Exercise objective:
Output must consist only of the lines of the material below from the one with "Get Your Own Tiny Bulbasaur Toy Background" through the one with "NAKKASHI Handcarved Wooden", each reproduced exactly; no pictures belong in it.

Given data Start Marker

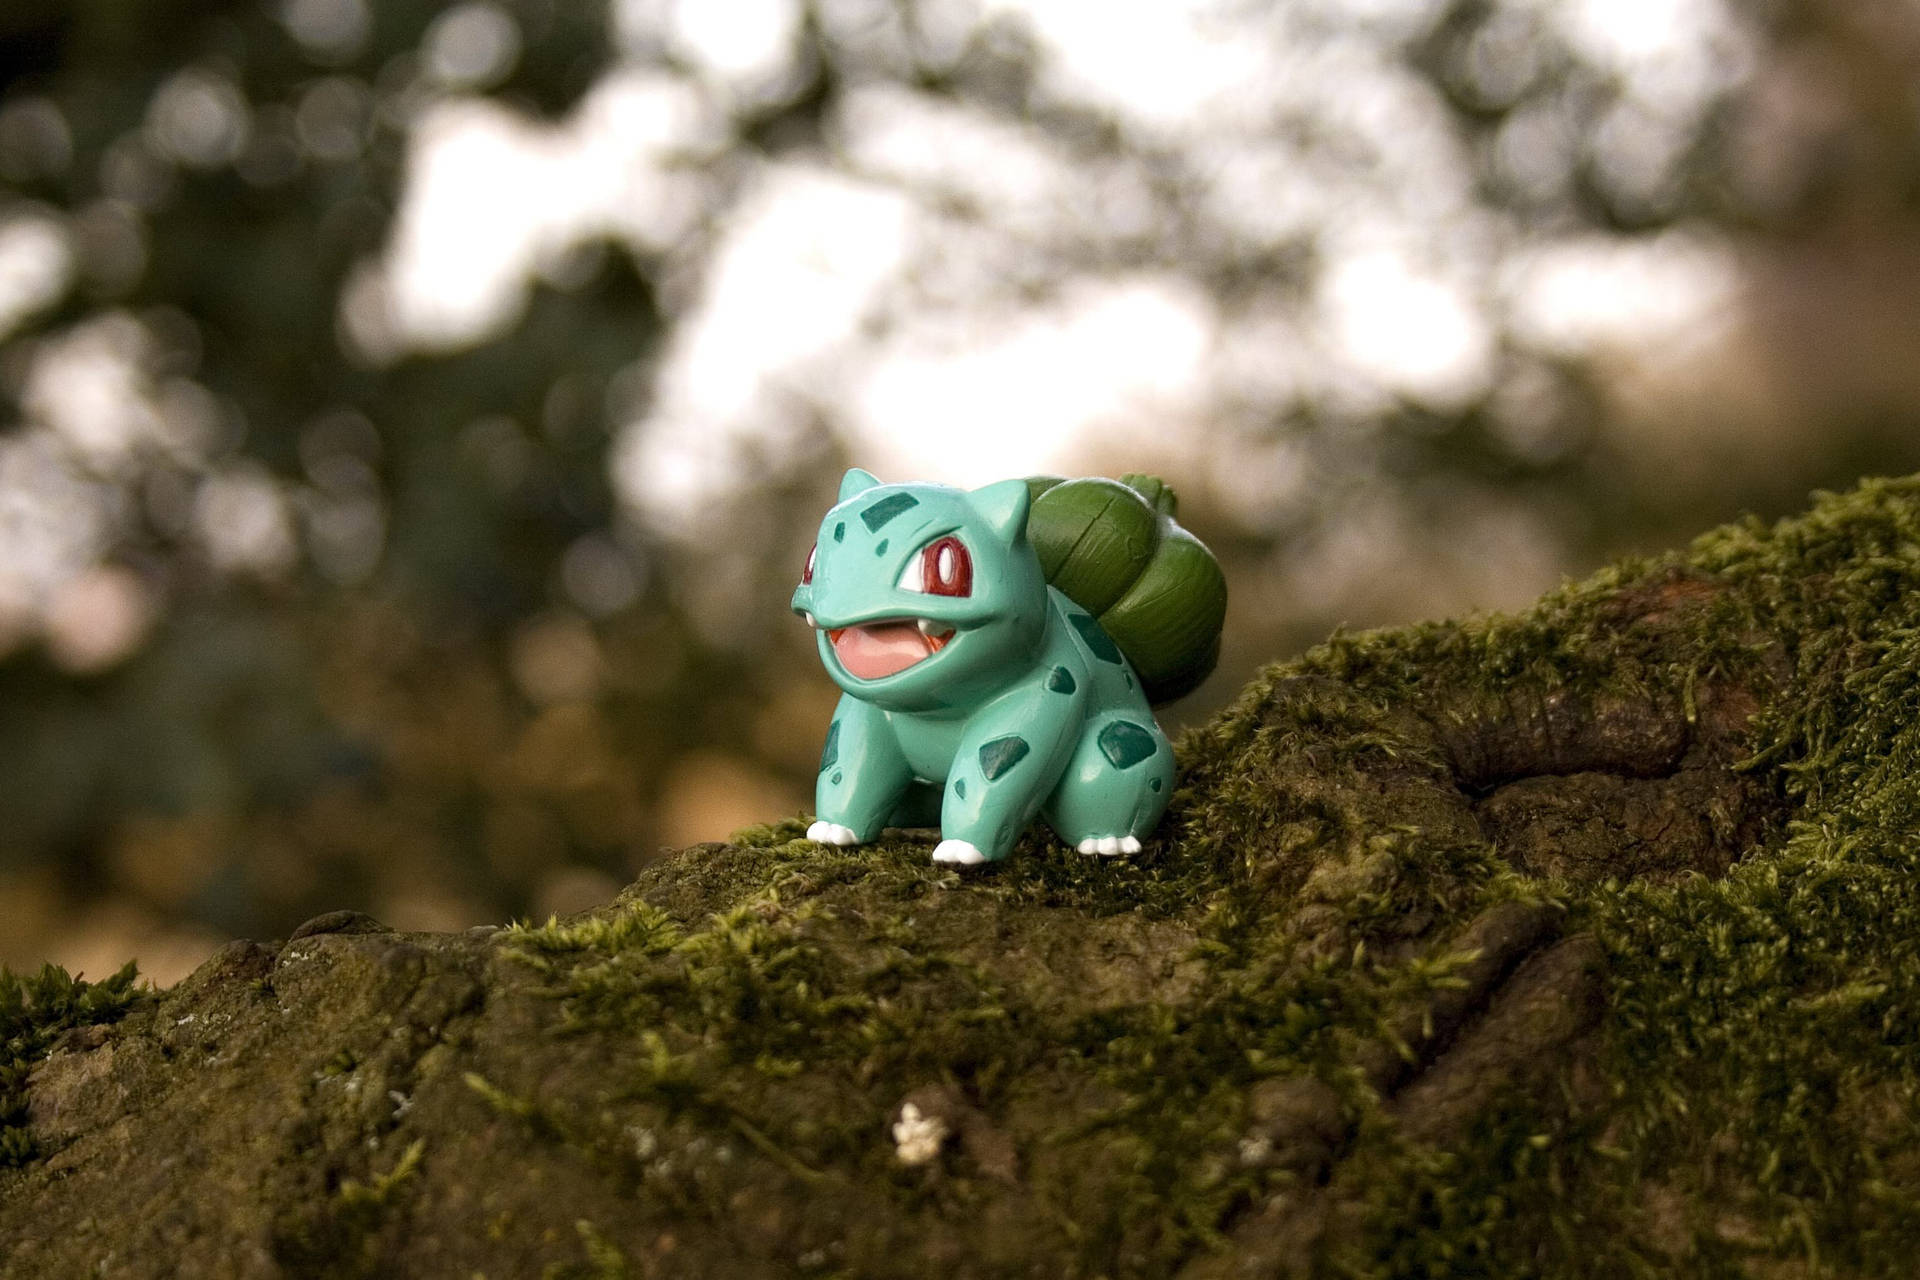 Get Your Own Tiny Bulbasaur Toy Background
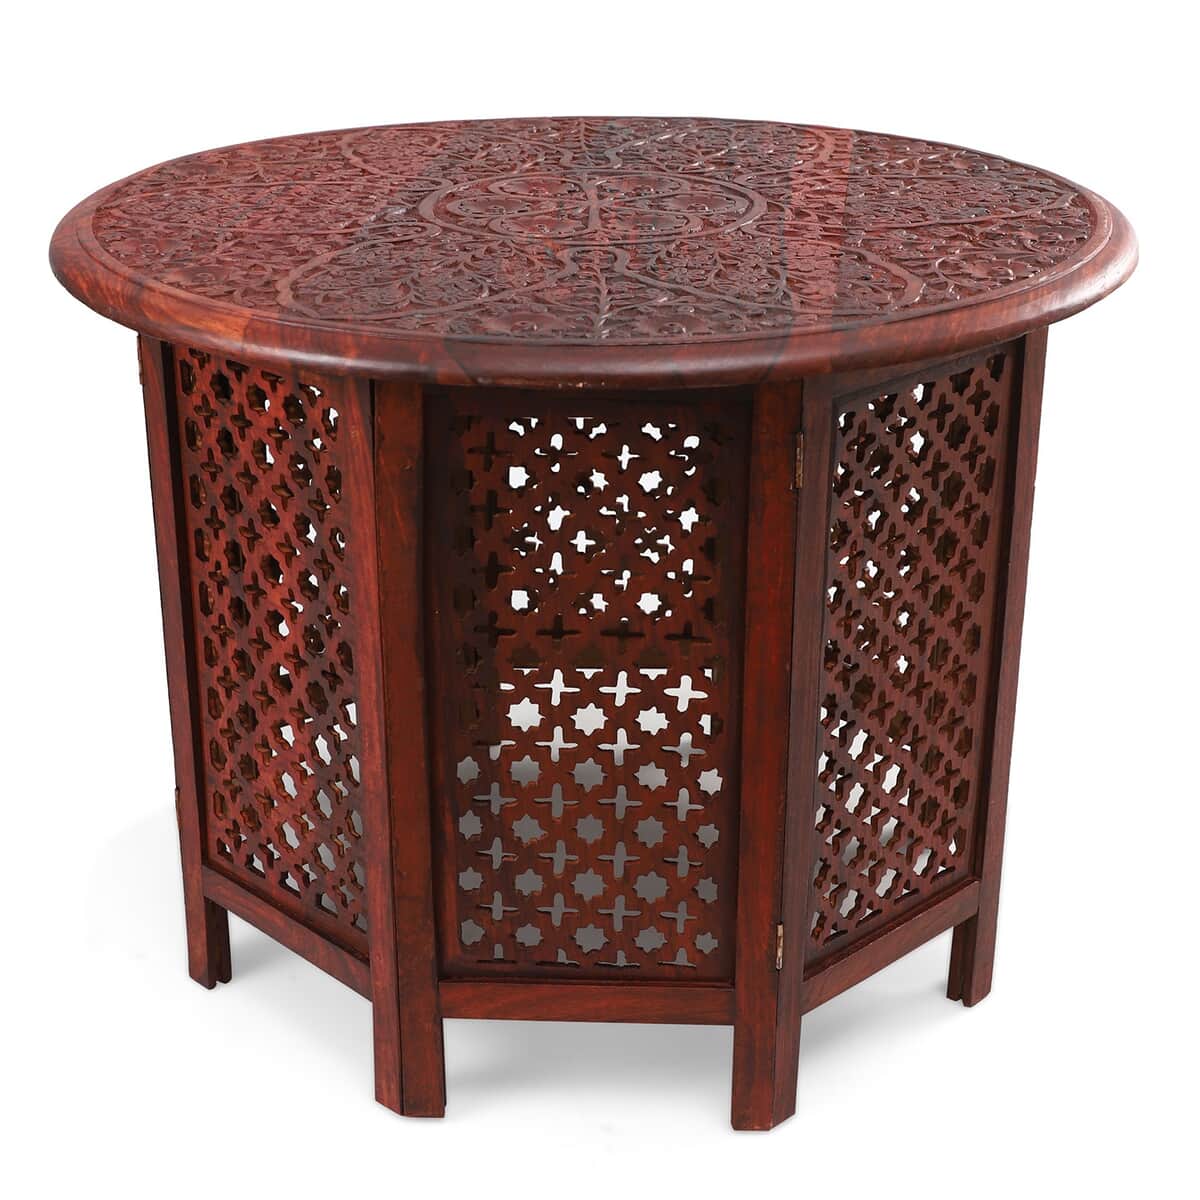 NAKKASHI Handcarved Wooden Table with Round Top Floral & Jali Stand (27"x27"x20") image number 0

Given data End Marker
Given data Start Marker

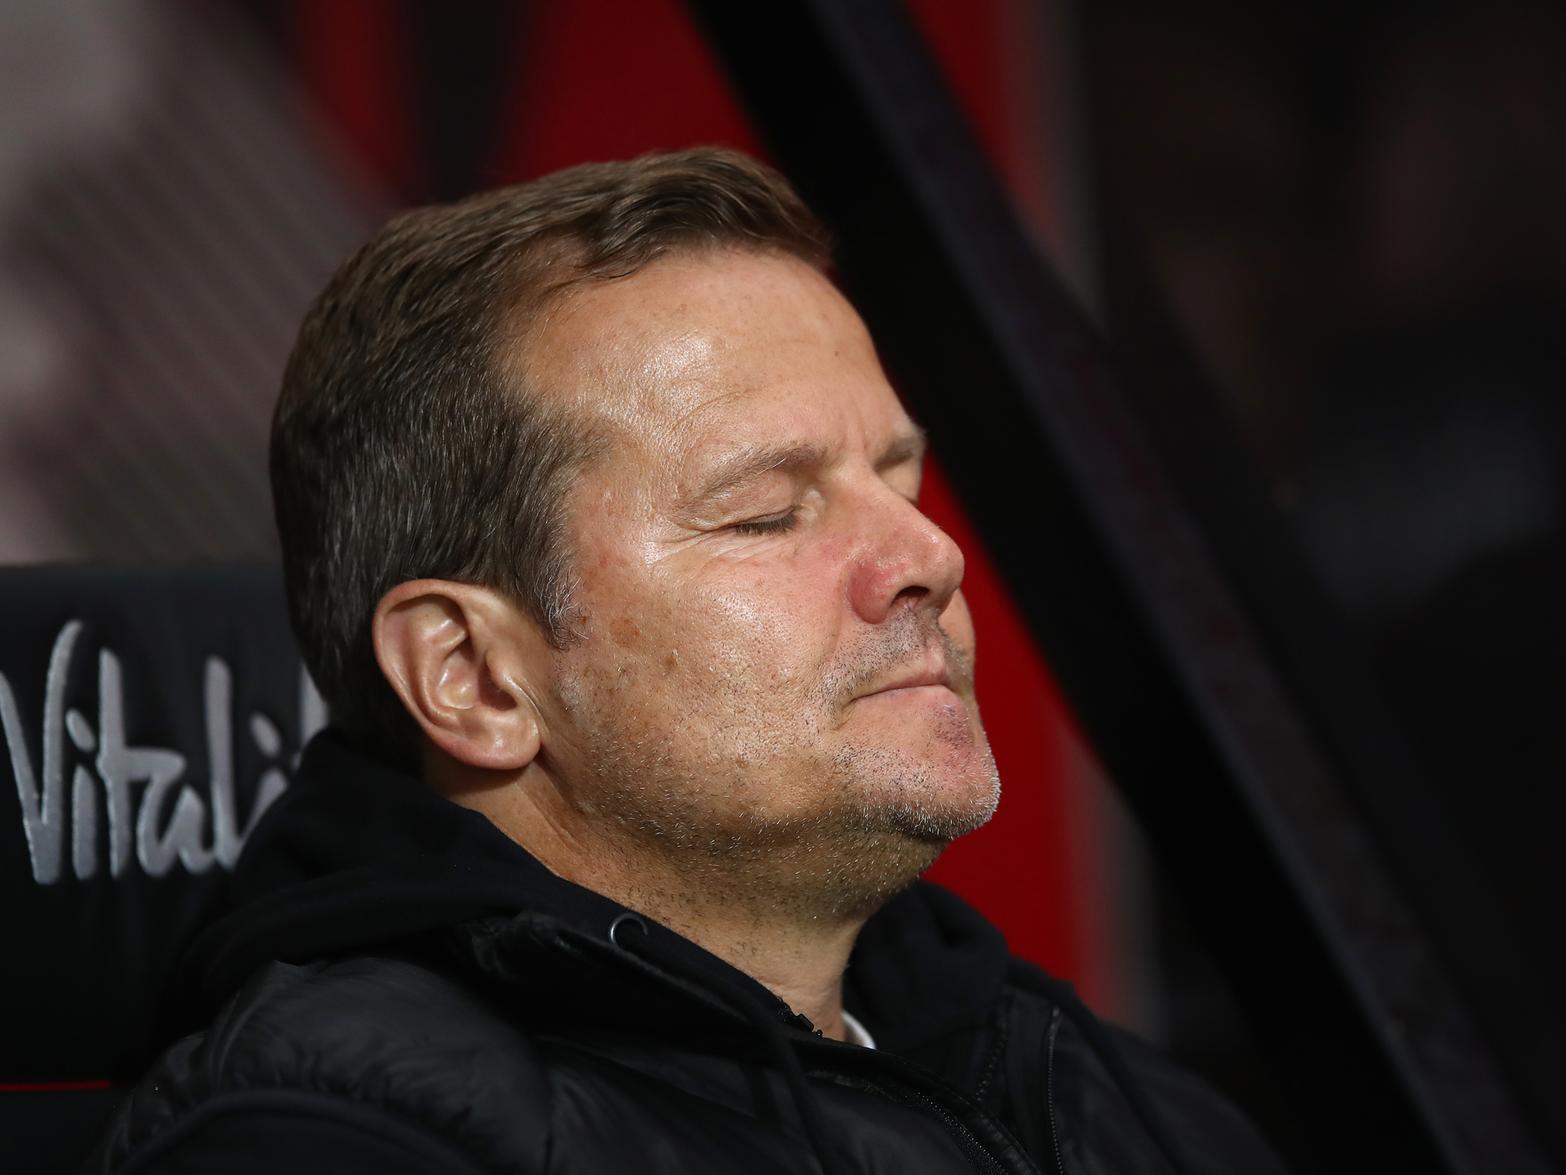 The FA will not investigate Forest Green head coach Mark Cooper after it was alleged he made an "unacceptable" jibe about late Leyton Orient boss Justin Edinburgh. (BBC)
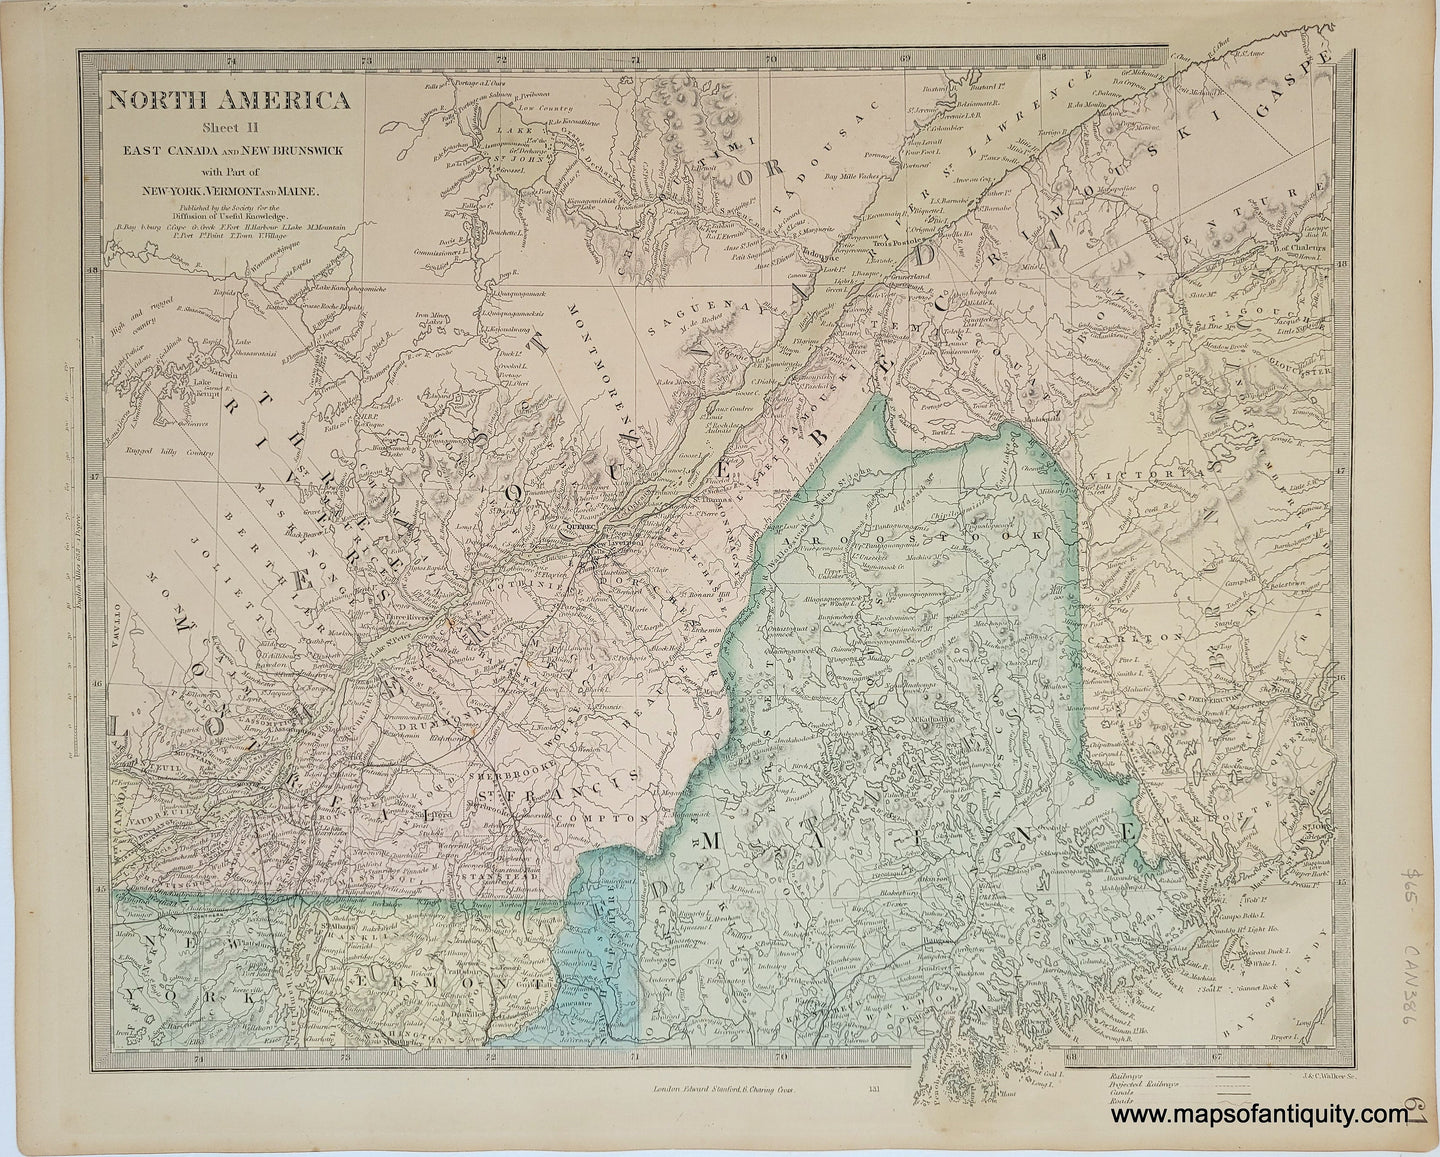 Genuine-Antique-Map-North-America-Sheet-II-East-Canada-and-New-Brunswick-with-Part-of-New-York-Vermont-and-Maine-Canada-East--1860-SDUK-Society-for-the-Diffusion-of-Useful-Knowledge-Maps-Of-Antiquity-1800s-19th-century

Given data End Marker

Your solution:
 Get Your Own Tiny Bulbasaur Toy Background
 NAKKASHI Handcarved Wooden Table with Round Top Floral & Jali Stand (27"x27"x20") image number 0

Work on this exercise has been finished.